DoD Inspector General Releases Assessment of Security Clearance Processes

DoD Seal Recent active shooter incidents at government facilities, such as the September 2013 shooting at the Washington Navy Yard and the April 2014 shooting at Fort Hood, have made clear the need to review security clearance processes nationwide. This week, the Office of the Inspector General (OIG) of the DoD responded to that need with the release of a new report entitled, “An Assessment of Contractor Personnel Security Clearance Processes in the Four Defense Intelligence Agencies.” The objective of this review was to assess “how, or if, substantiated investigations of misconduct were reported to Agency Clearance Adjudication Facilities (CAF) and to the DoD Consolidated Adjudication Facility (DODCAF)” as well as the results of adjudications.
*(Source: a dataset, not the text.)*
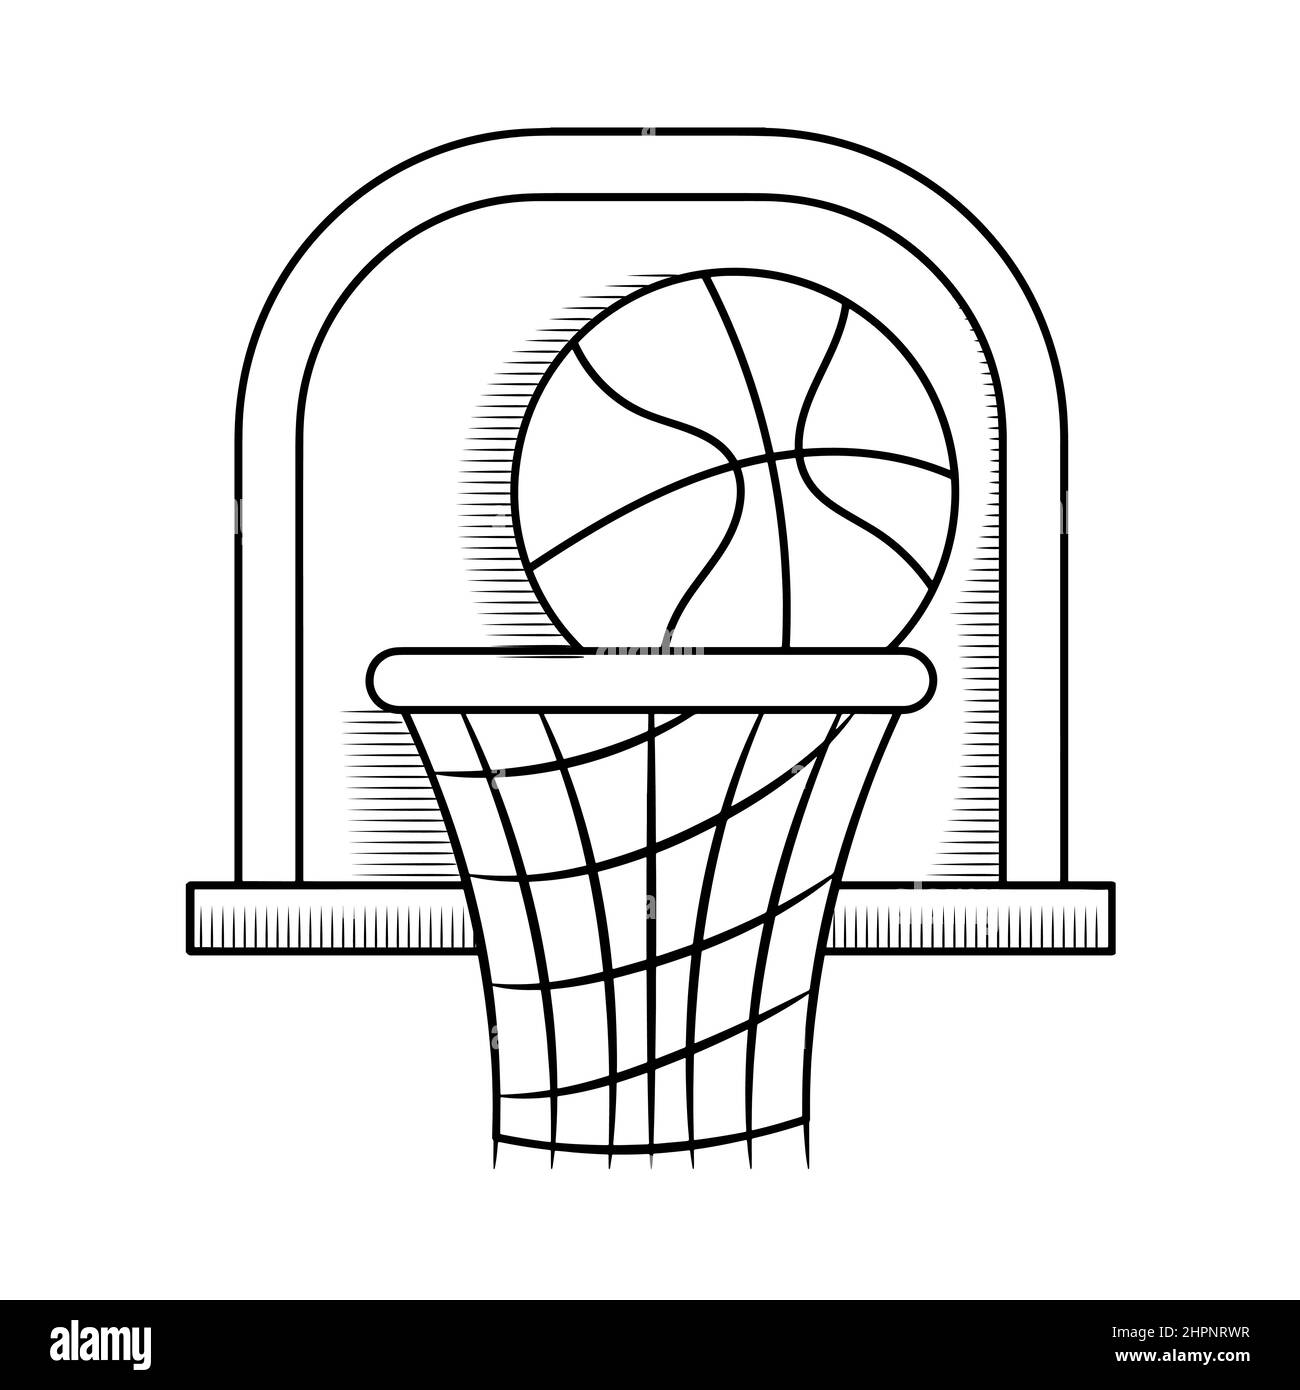 Handgezeichnete Basketball-Doodle-Illustration mit Umriss-Design Stock Vektor
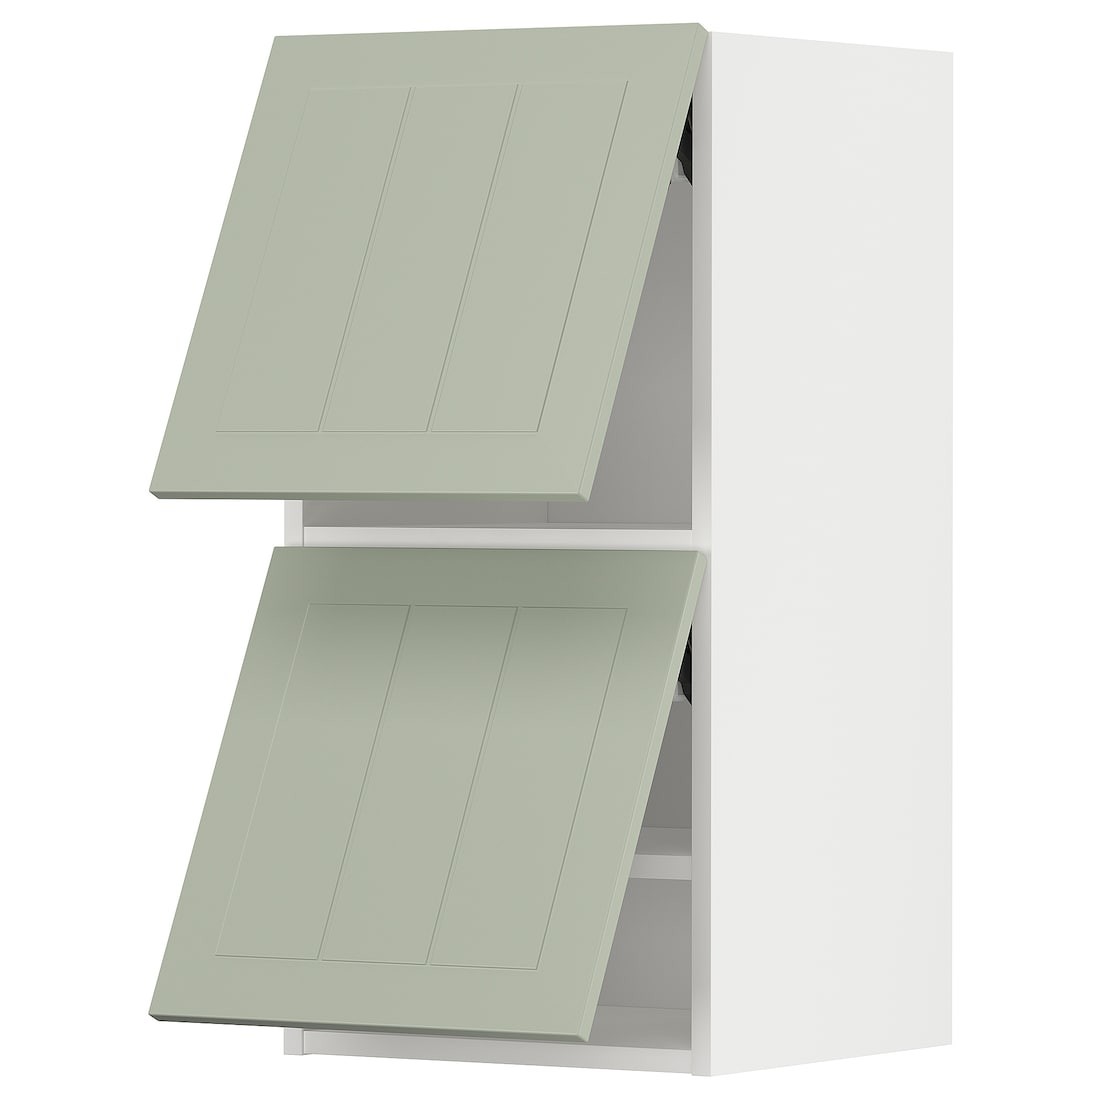 METOD МЕТОД Навесной горизонтальный шкаф / 2 двери, белый / Stensund светло-зеленый, 40x80 см

Following its review, the OIG noted five main findings:

  • “There was a lack of effective personnel security policy.
  • There was a lack of effective record keeping.
  • There was avoidance of personnel involved in misconduct.
  • There was a lack of personnel security information sharing.
  • There was a lack of connectivity between the Defense Central Index of Investigations (DCII) and the Joint Personnel Adjudicative System (JPAS).”

The OIG offered a variety of recommendations and management responses to the four agencies in light of the above findings. Briefly, recommendations from the report include strengthening security policy and processes, improving the process of reporting investigations of misconduct, and better maintenance of personnel security databases and software.